Milvus Collection Creation

from pymilvus import MilvusClient, DataType

client = MilvusClient(uri="http://milvus-svc.ai-rag.svc:19530")

schema = client.create_schema(auto_id=True, enable_dynamic_field=True)

schema.add_field(field_name="id", datatype=DataType.INT64, is_primary=True)
schema.add_field(field_name="text", datatype=DataType.VARCHAR, max_length=65535)
schema.add_field(field_name="embedding", datatype=DataType.FLOAT_VECTOR, dim=1024)
schema.add_field(field_name="source", datatype=DataType.VARCHAR, max_length=512)
schema.add_field(field_name="timestamp", datatype=DataType.INT64)

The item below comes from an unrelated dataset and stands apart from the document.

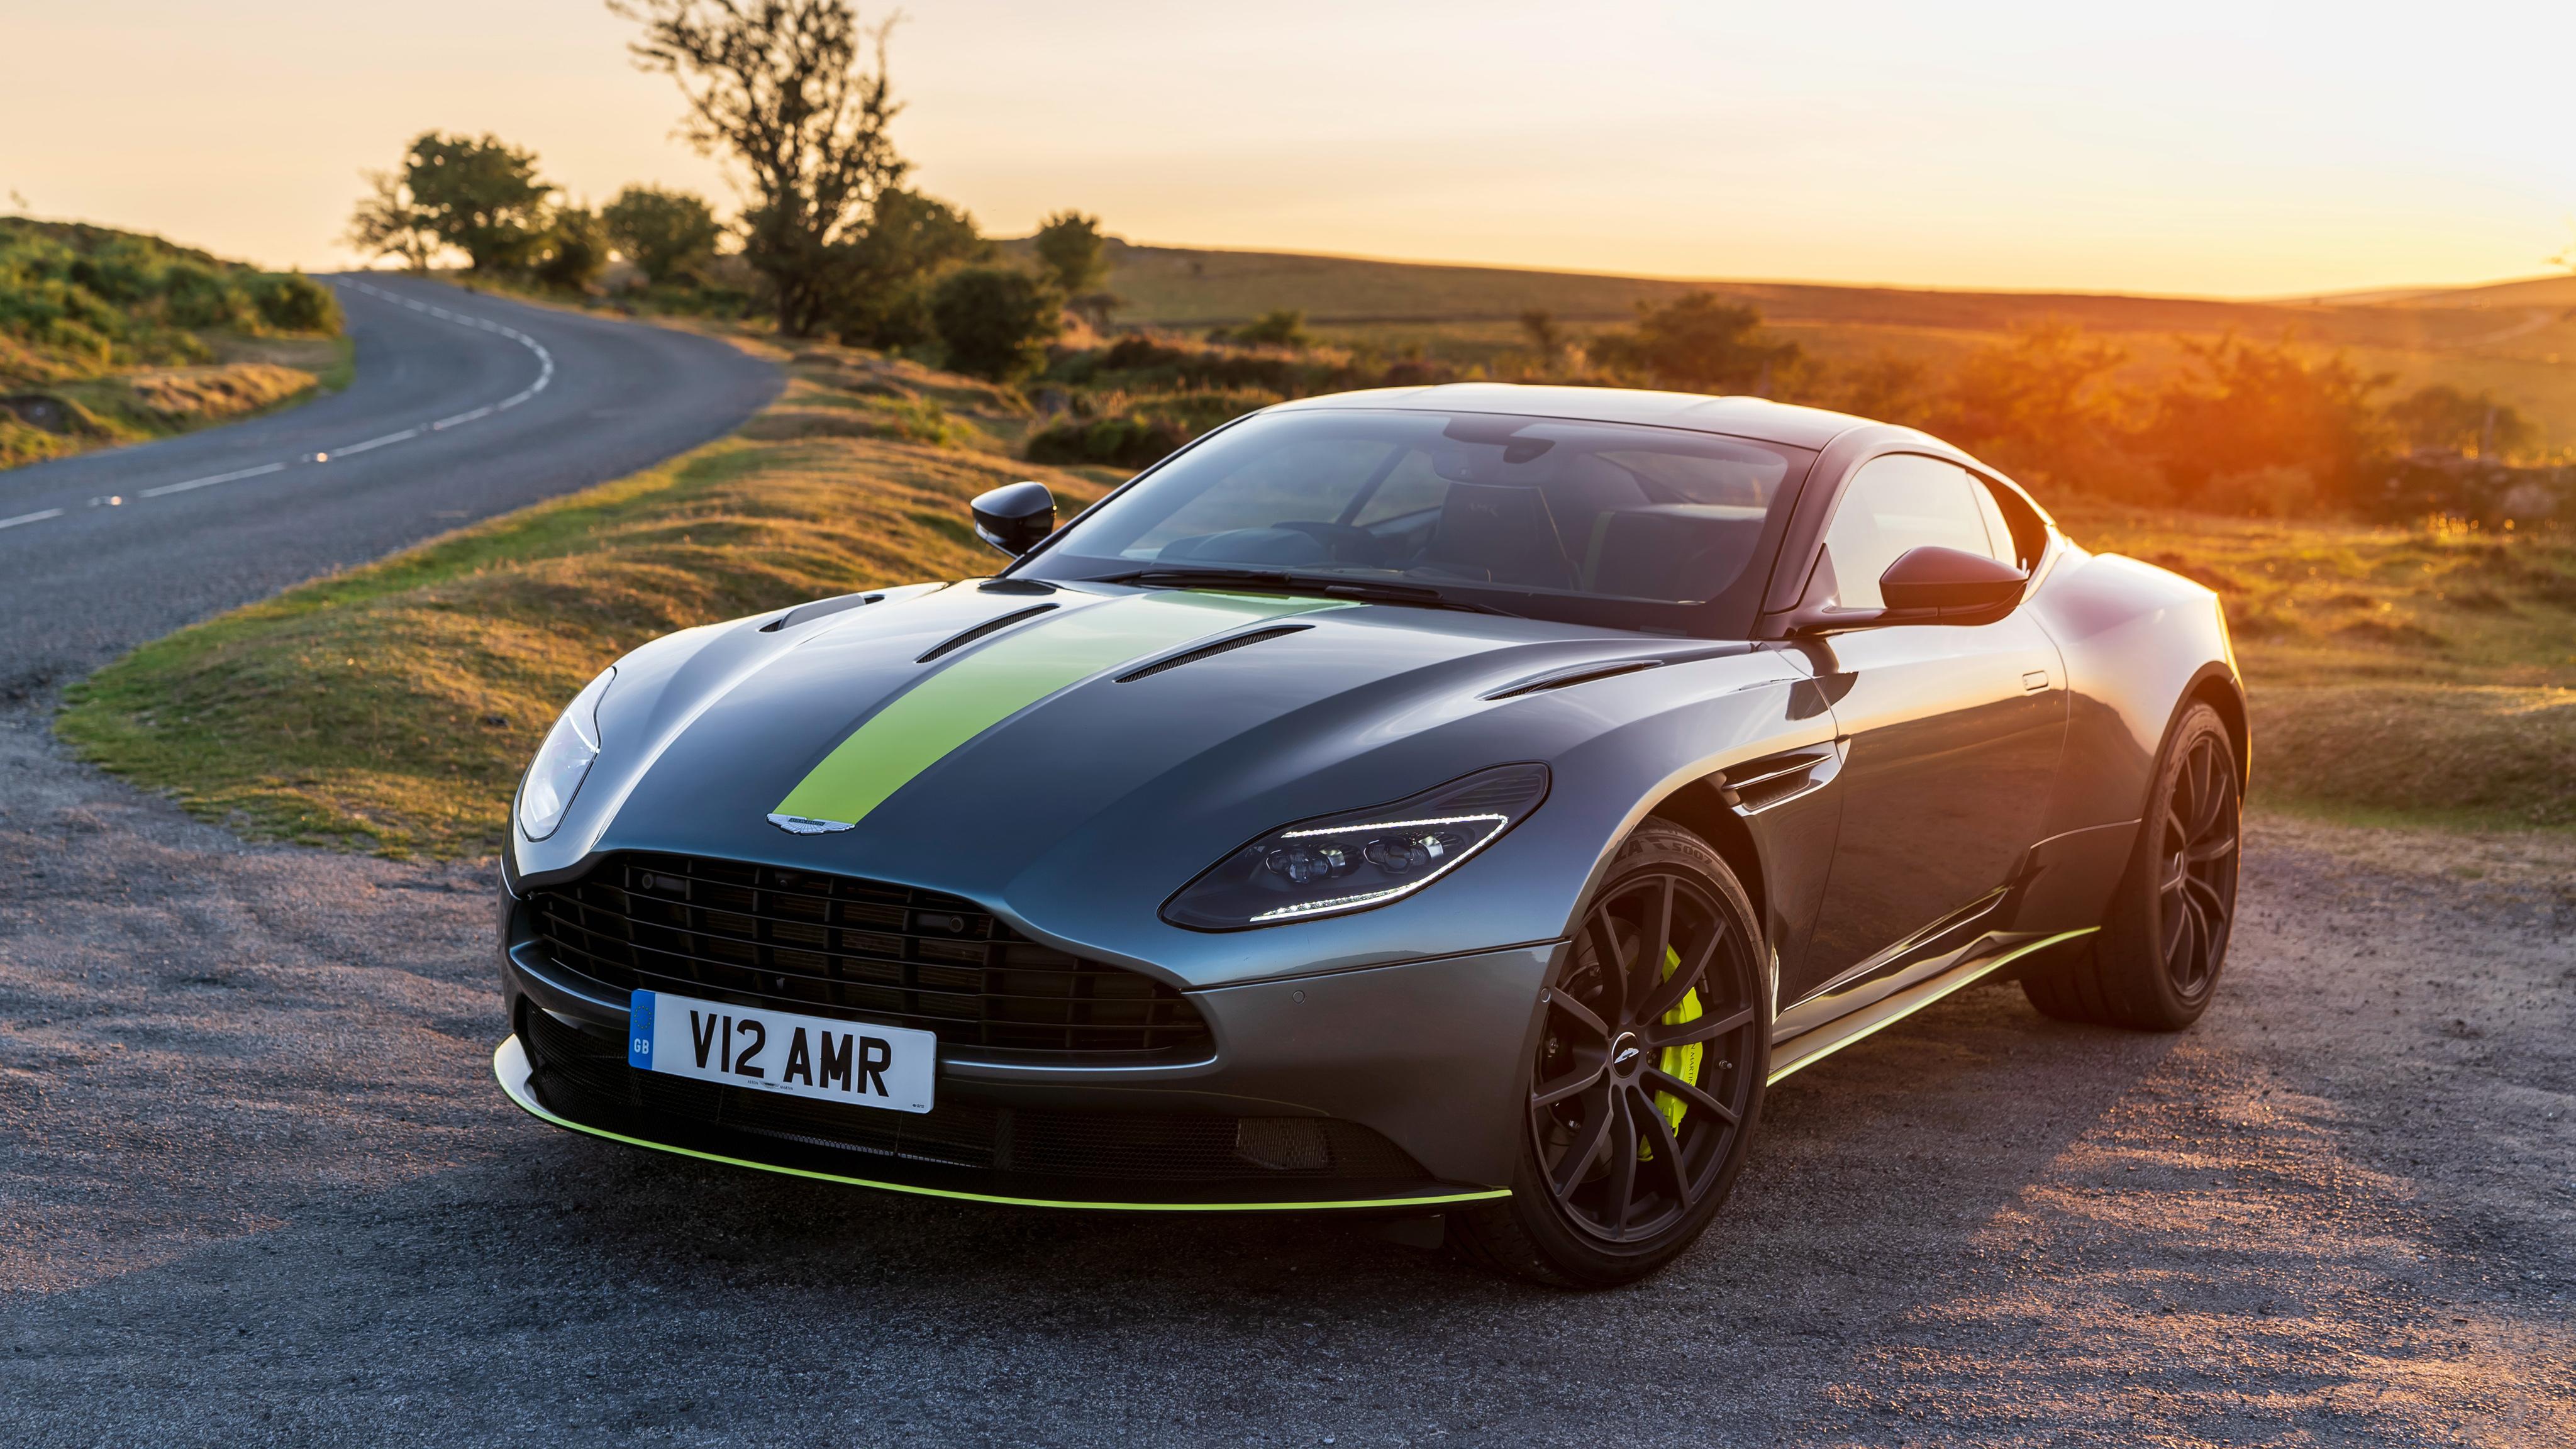 Aston Martin Db11 Amr Signature Edition 2018 4k Wallpaper
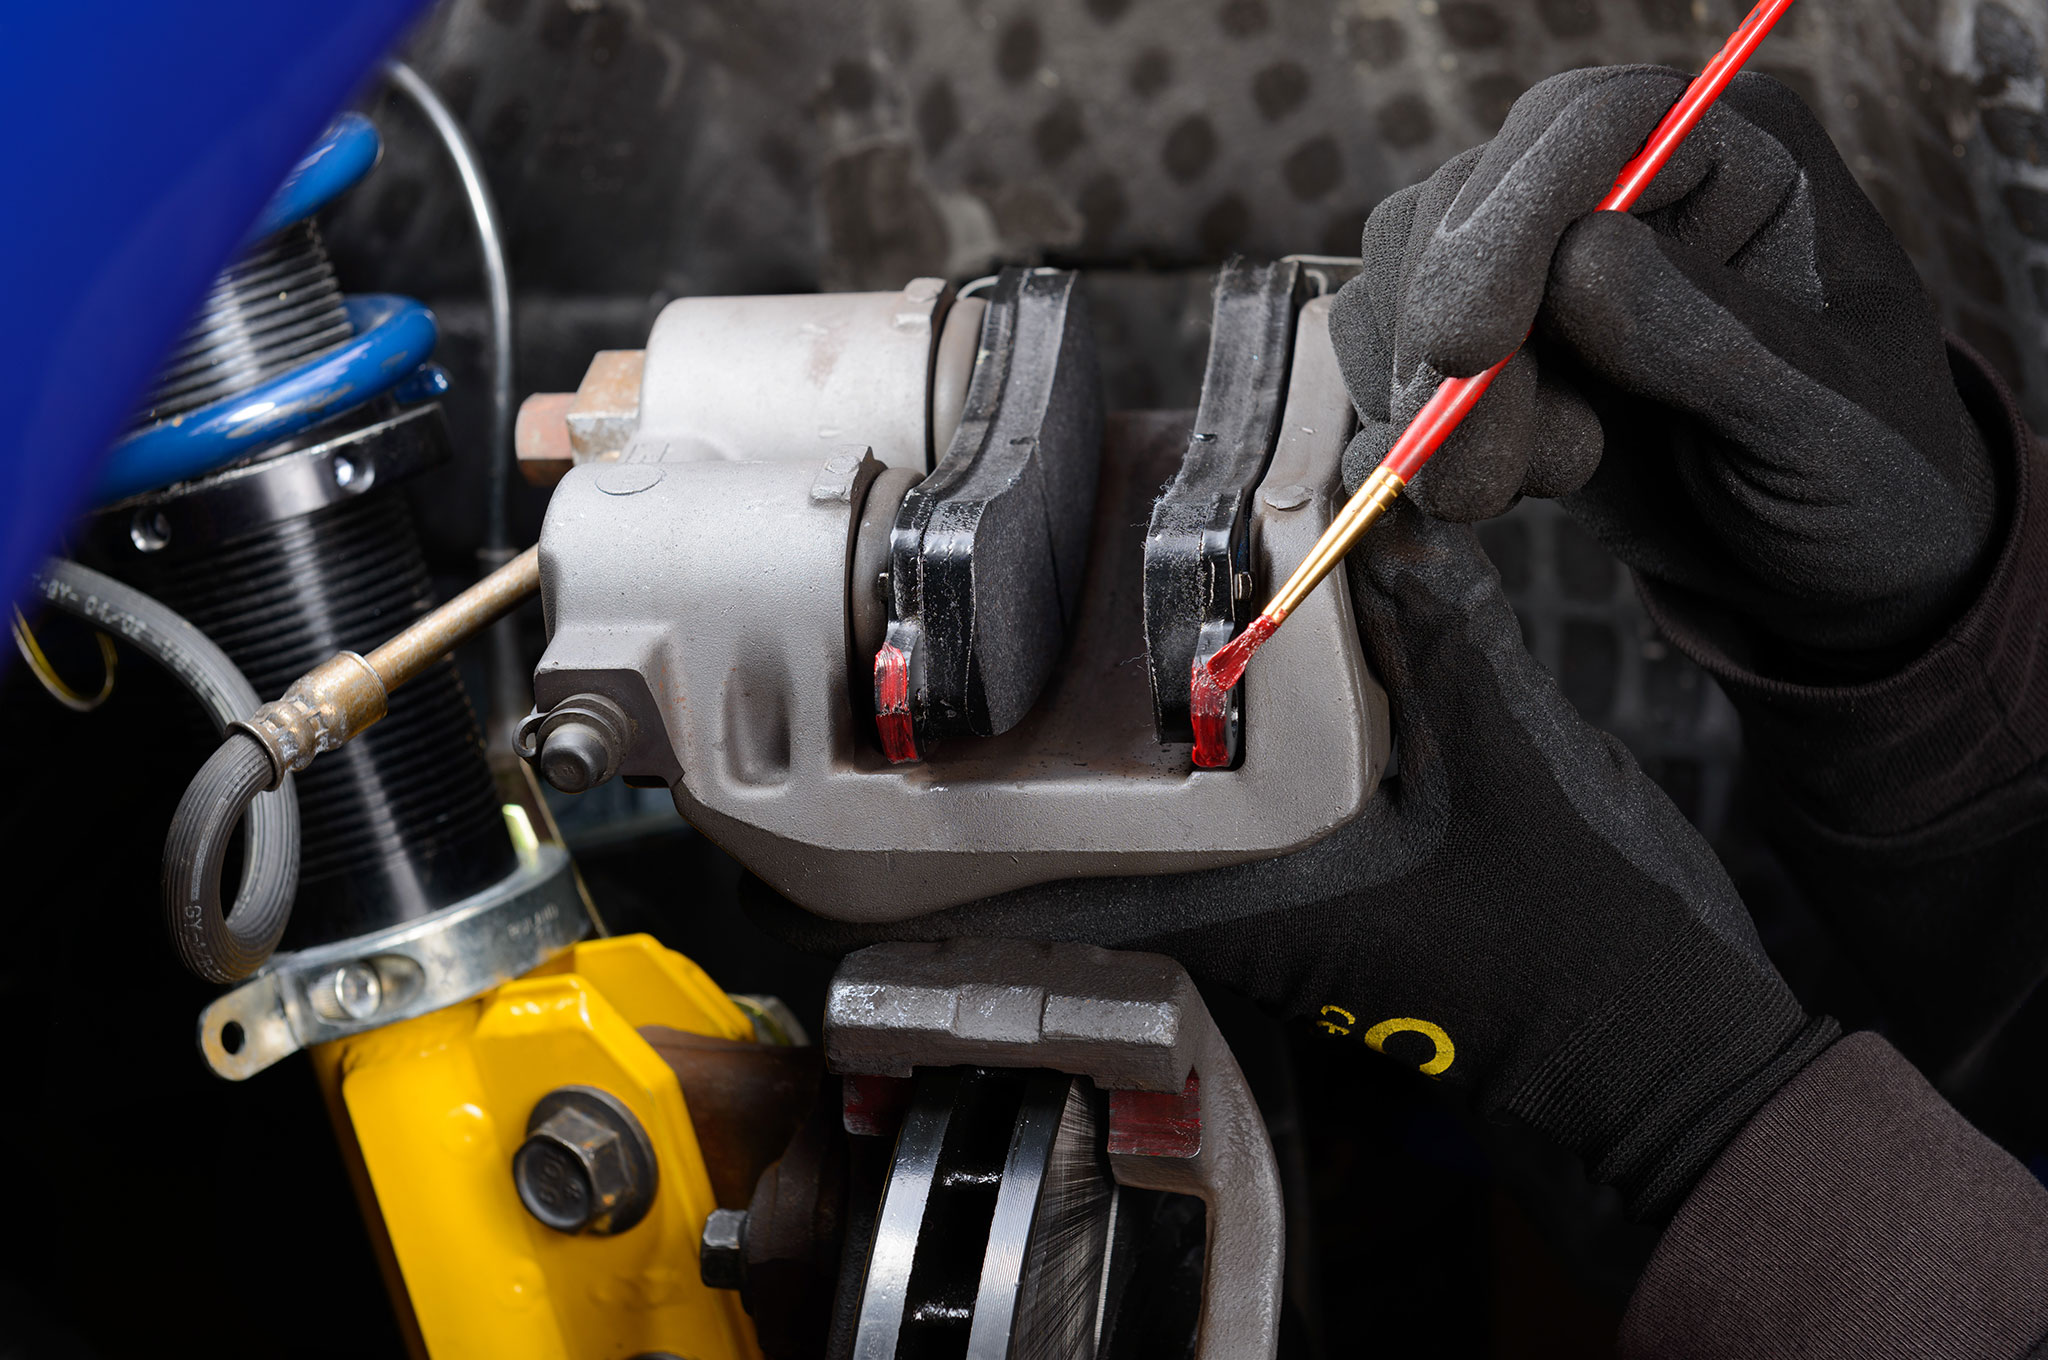 22 2003 Ford Mustang Cobra Applying Thin Layer Of High Temp Brake Parts Lube

index_params = client.prepare_index_params()
index_params.add_index(
    field_name="embedding",
    index_type="HNSW",
    metric_type="COSINE",
    params={"M": 32, "efConstruction": 256}
)
index_params.add_index(
    field_name="text",
    index_type="INVERTED"
)

client.create_collection(
    collection_name="knowledge_base",
    schema=schema,
    index_params=index_params,
)

Vector Search vs Full-text Search vs Hybrid Search

Search Type	Principle	Advantage	Disadvantage	Use Case
Vector Search	Semantic similarity	Understands semantics	Weak exact match	Semantic Q&A
Full-text Search	BM25 keywords	Exact matching	No semantic understanding	Keyword search
Hybrid Search	Vector + full-text fusion	Best of both worlds	Higher compute cost	Production RAG
Rerank	Cross-encoder reranking	Highest accuracy	Slower	High-precision scenarios

Spring Boot AI Microservices on K8s

Spring Boot AI Application Dockerfile

FROM eclipse-temurin:21-jdk AS build
WORKDIR /app
COPY gradle/ gradle/
COPY gradlew build.gradle settings.gradle ./
RUN ./gradlew dependencies --no-daemon
COPY src/ src/
RUN ./gradlew bootJar --no-daemon -x test

FROM eclipse-temurin:21-jre-alpine
WORKDIR /app
COPY --from=build /app/build/libs/*.jar app.jar

ENV JAVA_OPTS="-XX:+UseZGC -XX:MaxRAMPercentage=75.0"
ENV SPRING_PROFILES_ACTIVE=k8s

EXPOSE 8080

HEALTHCHECK --interval=10s --timeout=3s --retries=3 \
    CMD wget -qO- http://localhost:8080/actuator/health || exit 1

ENTRYPOINT ["sh", "-c", "java ${JAVA_OPTS} -jar app.jar"]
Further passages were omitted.